The Drouth was at TRAINING FOR THE FUTURE
21st November 2019Merely conventional signs. ‘Dreams&Dramas. Law as Literature’ by Katarzyna Maniak
27th November 2019When Marc Augé wrote in The Future that ‘Every protest is a form of research’ he could have been describing the artwork(s) / protest / civil disobedience / celebration / sit-in that was the Pro-Test movement set up in Lithuania to prevent the closure of the former Soviet modernist cinema the ‘Lietuva’ in Vilnius.
This event/artwork/protest has every kind of human exploration and contradiction The Drouth thrives on: cinema, civil rights, politics, artworks, bad music, writing, protest, history, architecture, and dogs getting their own say.
Since independence in 1990, Lithuania has been caught up in a mad period of privatisation, property development and demolition. Like a Wild West land-grab or a gold rush, speculators and real-estate tycoons have joined forces with corrupt municipal bureaucrats to redevelop the country at an insane pace. Profit has been their only motive. Public space, landmark buildings, cultural life and public opinion have been the principal victims. Their method is simple: Tell the population that market economy is good for everything. Convince them that capital is king. Remind the public that making Lithuania look like Shanghai, Rio or Bilbao is the best way to erase the Soviet past – and to make the country attractive for even more investment and development.
Cultural and political change shattered Lithuania as all of post-Soviet space was hit unexpectedly by the ultra-rapid implementation of a shock doctrine[1]. The transformation from the Soviet planned economy to capitalism mixed neo-liberalist privatization with the affects of globalization with the potency of a Molotov cocktail. Today, all would agree that “independence did not bring freedom”.[2] Freedom and modernisation in post-Soviet space is uniquely understood as the free market and privatisation. The concept of a free market serves, here, as an imperative which guarantees that one’s “Western tutors will not be disappointed”.[3] Put simply: The totality of one regime has been exchanged for another. This totality became a natural law implemented by a new ideological institution: the notorious Free Market Institute[4] – which exerts undue influence over government.
Under this rubric, public space, landmark buildings, cultural life, and public opinion have been the main victims. What is the need of a municipal park, an alee of trees, an ancient woods in the light of wild capitalism? Under the former Soviet regime the idea of public space was introduced via notions of modernist architecture and urban planning that captured the contemporaneity of the moment during the period of ‘Socialism with a human face’[5]. Cultural entities, facilities for recreation and sports, and premises for gathering and socializing used to be planned in the centre of the city. Despite their modernist heritage (aesthetic) value, and utility, soviet architecture is now considered to be derelict monuments of the past, memorials to Soviet ideology.
There were those who hated Soviet architecture, hated modernism, longed for the multiplex experience, those who claimed that public squares were a deformation affecting the old (bourgeois) parts of the city.

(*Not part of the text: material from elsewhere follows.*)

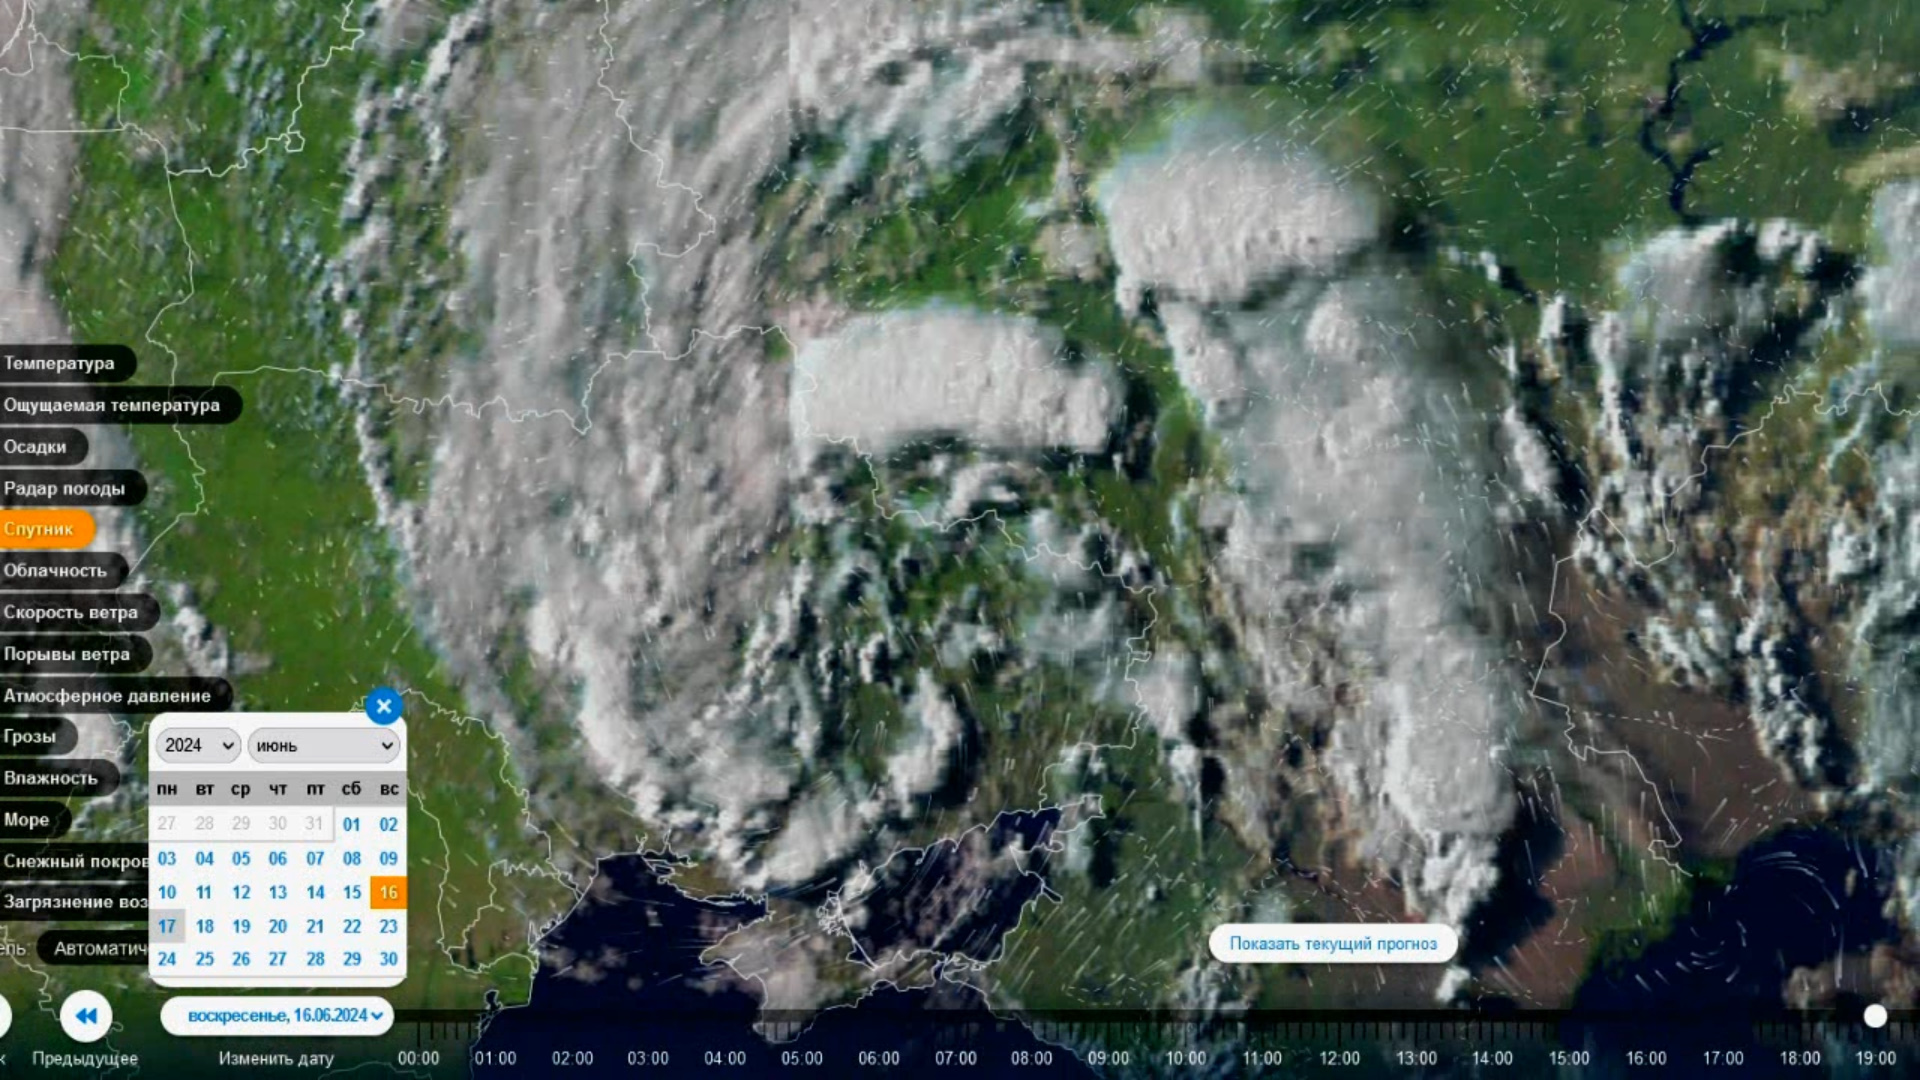 Дождливый южный циклон выходит на центр ЕТР. Вид со спутника 16.06.2024
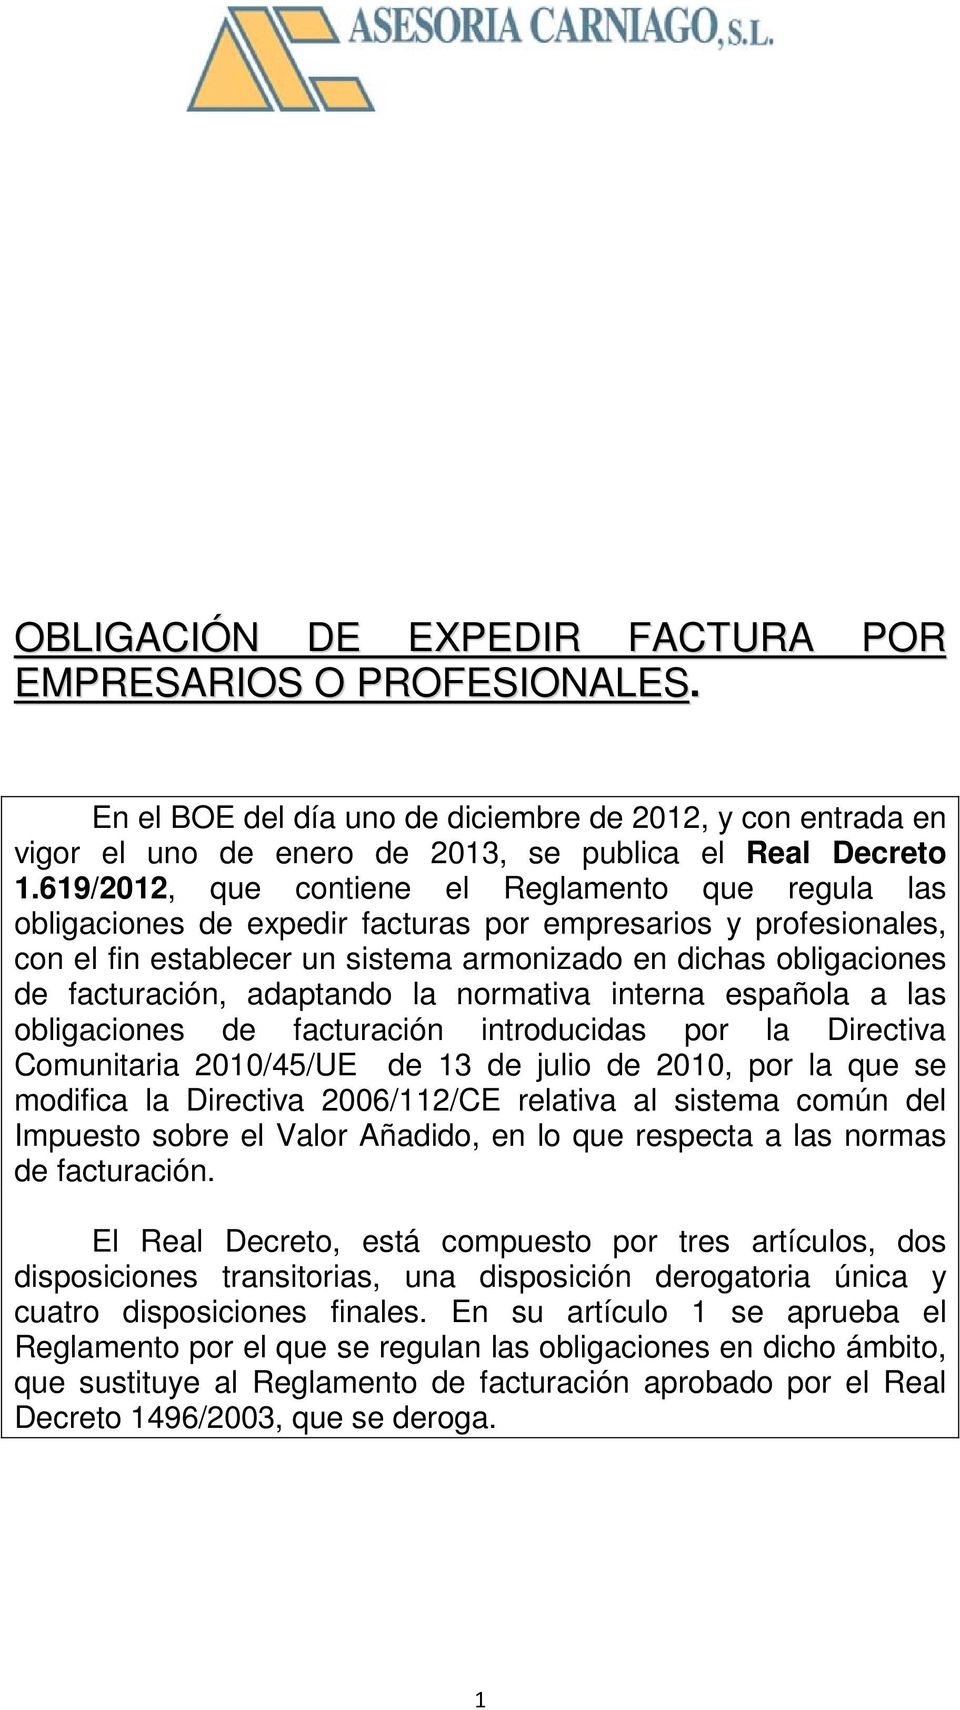 facturación, adaptando la normativa interna española a las obligaciones de facturación introducidas por la Directiva Comunitaria 2010/45/UE de 13 de julio de 2010, por la que se modifica la Directiva

The idea of Soviet modernist common space infrastructure was suddenly reconstituted in an idealization of privatized, closed-off space. Without being romantic about the past or defending modernism, a thorough assessment of the ideological premises – of today’s destructive rhetoric – that replaced it is required.
During the Soviet period, cinema was crucial to the cultural life of the country, with huge movie theatres being built in the centre of many Lithuanian cities[6]. These cinemas played an important role as places for public gatherings. After independence, as Soviet structures crumbled in a wholesale fashion, cinema buildings became a focus of attention for the real-estate market. In a short period of time, private enterprise managed to take over and destroy almost all the cinemas in Vilnius, turning them into apartments, supermarkets, casinos and shopping centres.
More than twenty cinemas disappeared, including such urban landmarks as the Ausra (Dawn), Zvaigzde (Star), Spalis (October), Pionierius (Pioneer), Pergale (Victory), Tevyne (Motherland), Kronika (Newsreel), Aidas (Echo), Planeta (Planet), Neris (river), Vingis (park), Lazdynai (forest), Vilnius and Maskva (Moscow). As a poor replacement, and echoing the tragedy of cities the world over, two huge multiplex cinemas were constructed: the Coca Cola Plaza in the suburbs and the Akropolis Cinemas beyond the city limits. The latter, which is part of Lithuania’s largest shopping mall, is representative of the ’mallification‘ of the country. With the multiplexes came multiplex Hollywood movies: Thus, the demolition of cinematic space encoded the dismantlement of independent film programming.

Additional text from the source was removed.